Communication - clear and straightforward - is also essential. Communication is part of training, but communication about regulatory requirements and job expectations must continue in between training events. Too often, we fail to communicate clearly. We also overlook people who need to get the message.

Tools are the next most powerful tool for mitigating risk. Some tools are manual. The tool may be as simple as a list of local routing numbers at the teller's window, or it may be a detailed checklist on how to determine whether a loan is a high-cost mortgage.

Tools can also be sophisticated. Compliance software is everywhere. But buying software is not enough. You need to be sure that the software does what you need it to do and you need to be sure that staff knows how to use it. This kicks back up to training. Some of the most expensive systemic violations have occurred when an employee uses software incorrectly.

Finally, all risk mitigation must be subject to constant oversight and reporting. This not only provides management with an accurate measure of the risk program at any given time, it also alerts management to emerging areas of risk. Sending all those reports around is essential to a successful risk management program.

Mitigating Risk: Detection
It isn't enough to develop and implement plans to manage risk. You must take steps to be sure that the plan works and continues to work. In general compliance parlance, this would be the monitoring and auditing components. When thinking about risk, however, you may want to add some dimensions or responsibilities. Monitoring is the business unit's self assessment. Rather than monitoring, the term self assessment may communicate greater responsibility to look for and think about risk beyond the checklist assignment.

The business line should have specific steps to cover in compliance monitoring. However, the business line should also have the responsibility of recognizing emerging risk, or existing risk that somehow escaped notice. This is an affirmative, active responsibility that means much more than filling out a monitoring check list.

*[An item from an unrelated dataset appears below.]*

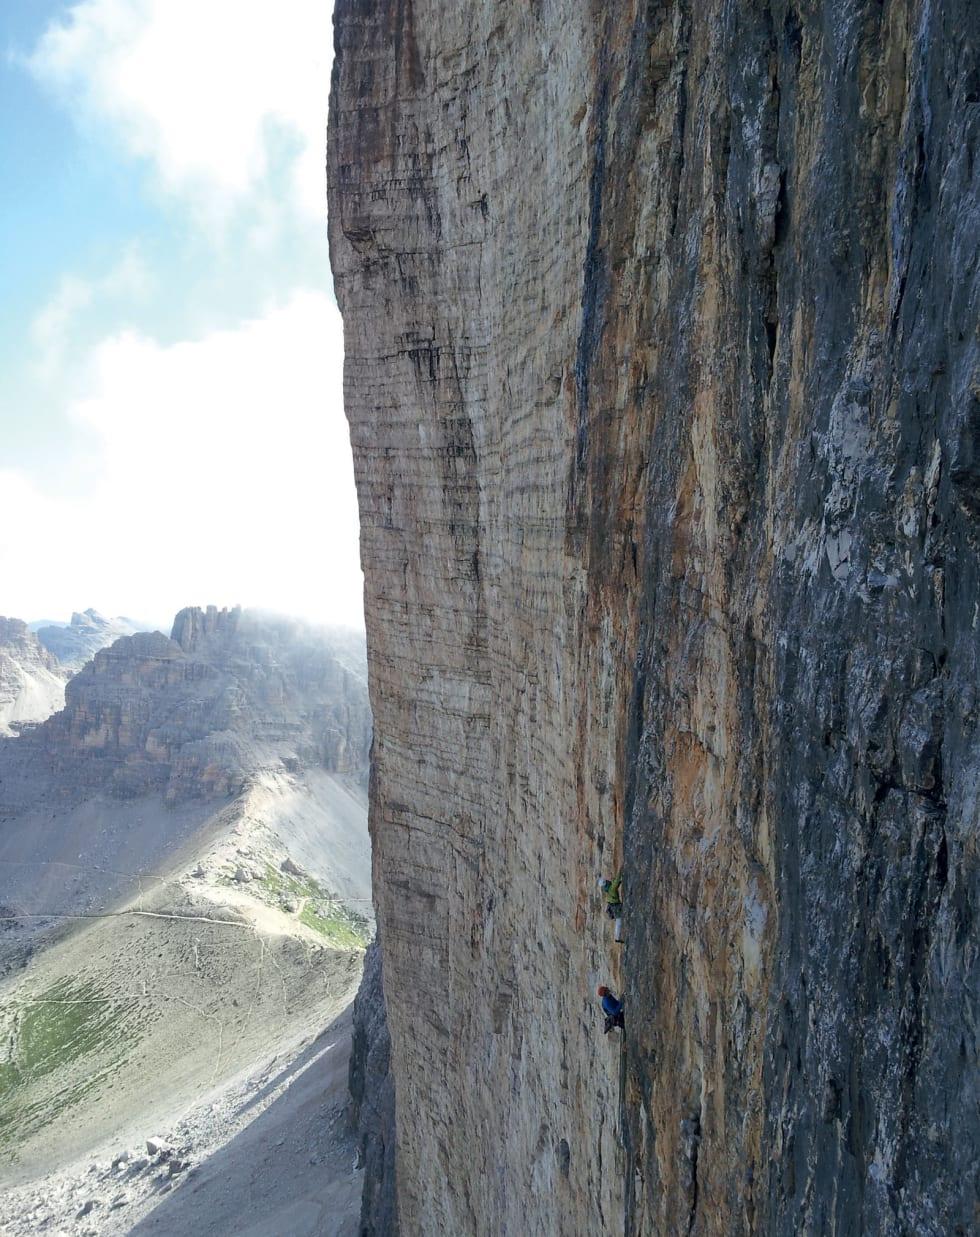 MEKTIG: Utsikt fra Comici mot en klatrer på ISO 2000 (7+/8-) og Hasse-Brandler (7+/8-) litt lenger borte. Foto: Steve Enger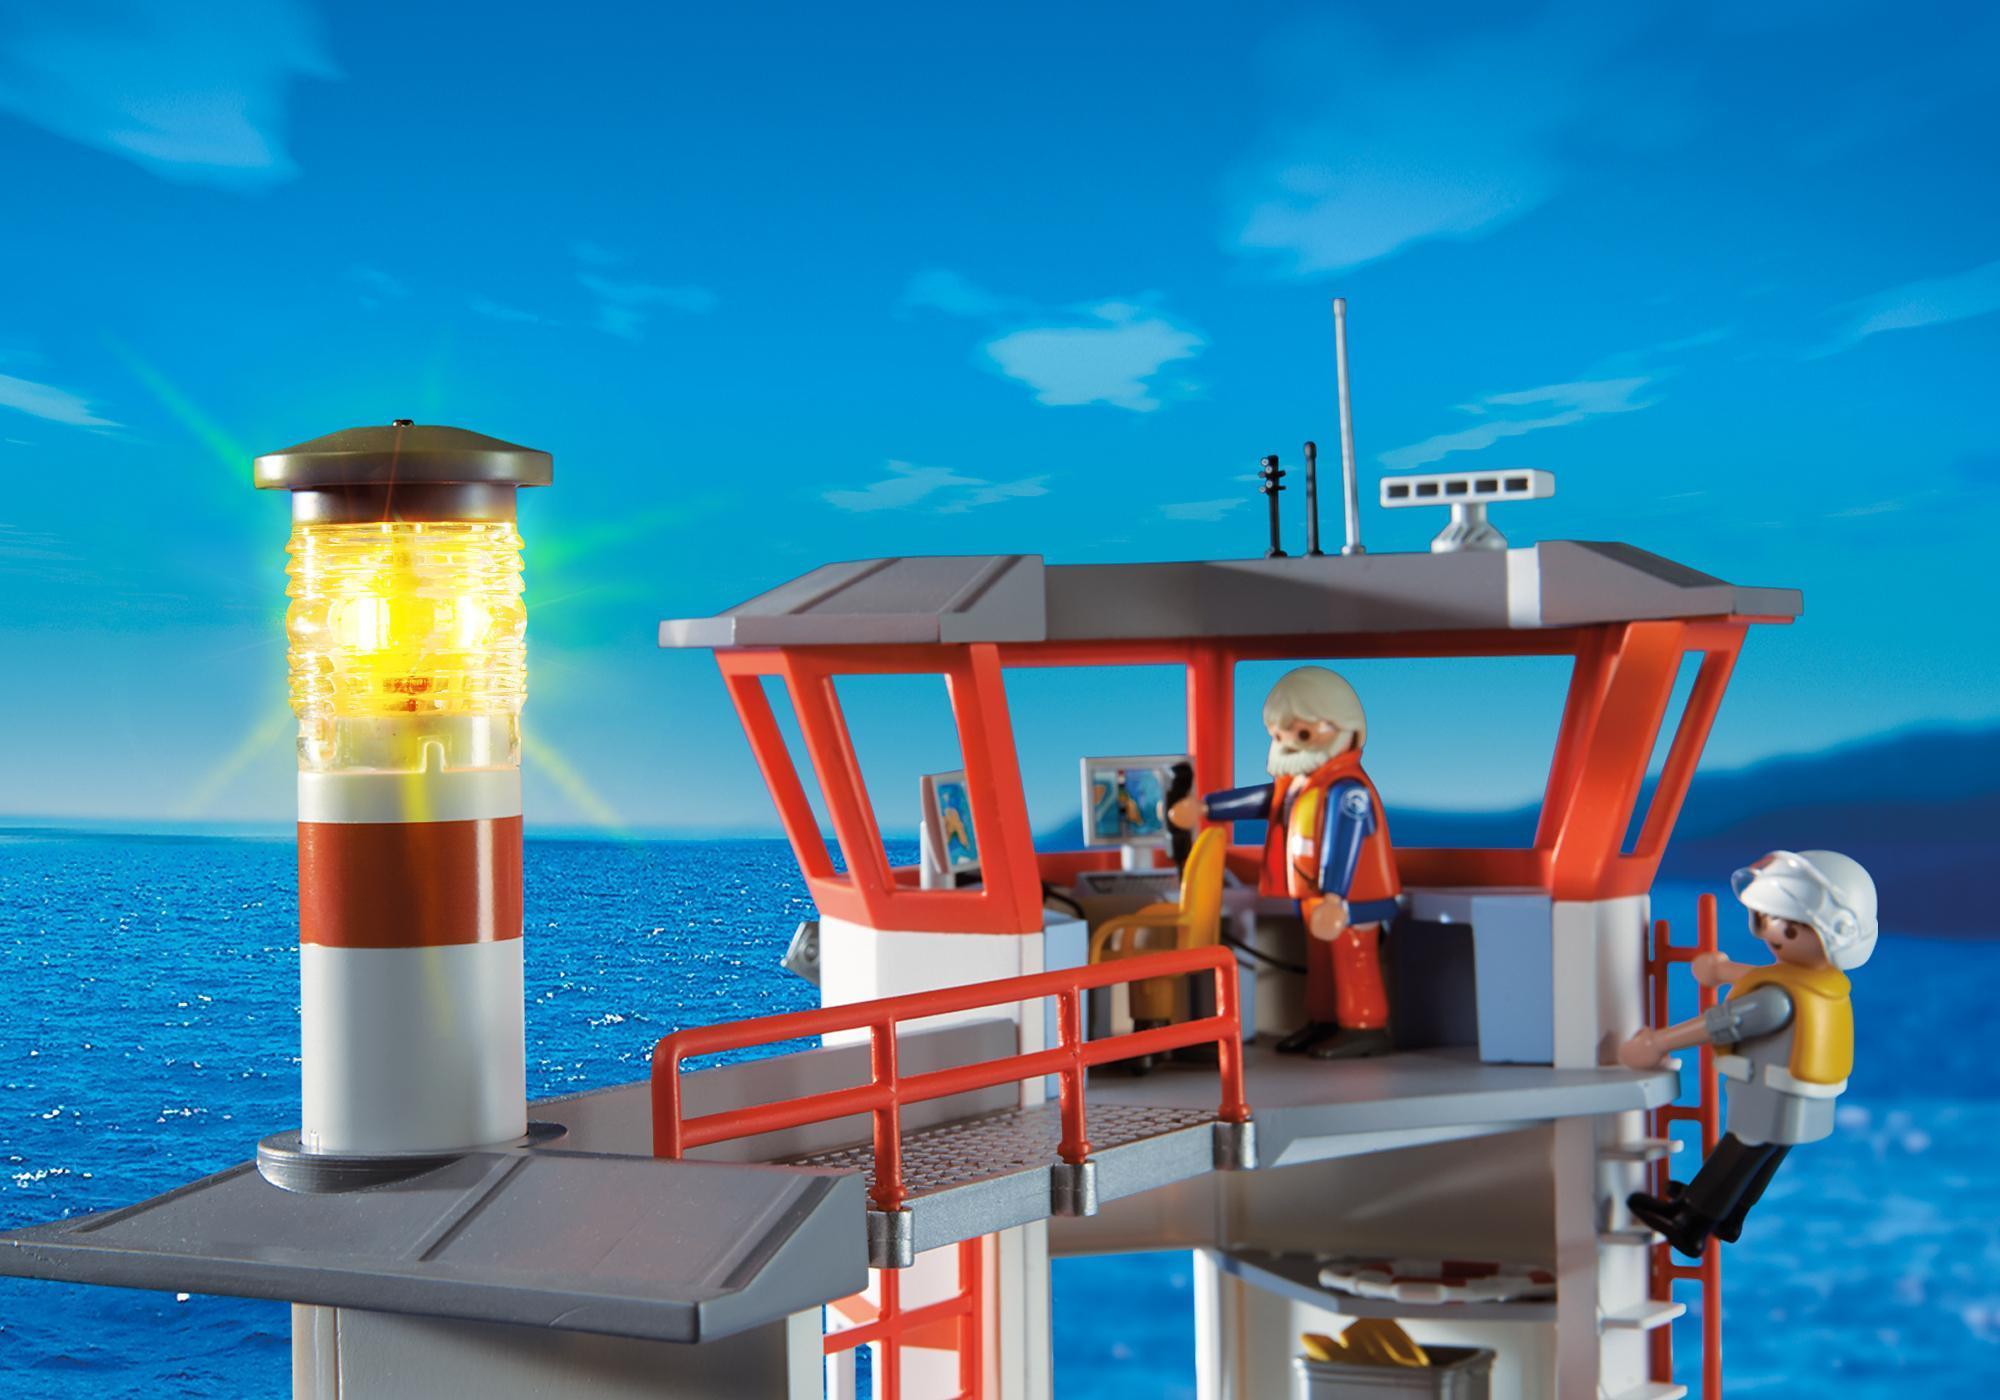 http://media.playmobil.com/i/playmobil/5539_product_extra4/Posto da Guarda costeira com Farol

Risk detection also entails both internal and independent audits as more detailed analyses of risk and compliance levels. So audits and examinations must remain a core element of the program. However, they are only as useful as the use you make of the findings.

ACTION STEPS

  • Think through how you communicate about compliance and risk throughout the institution. Identify any changes to ensure that the word gets to the right place.
  • Look at your markets and identify the three most significant features in each market and the risk these features present.
  • List all your products and rank them by the type and extent of risk they present.
  • Go through the list of regulations on page 4 and study the risks carefully in the context of your institution. Add, delete, or edit as appropriate to develop your own regulatory risk list.
  • Review the tools and systems you have for risk management. Identify inherent risk and residual risk on your list. Consider whether more or different tools are needed.
  • Consider how the institution responded to recent audit and examination findings and decide whether the response was appropriate. If not, there's work to be done!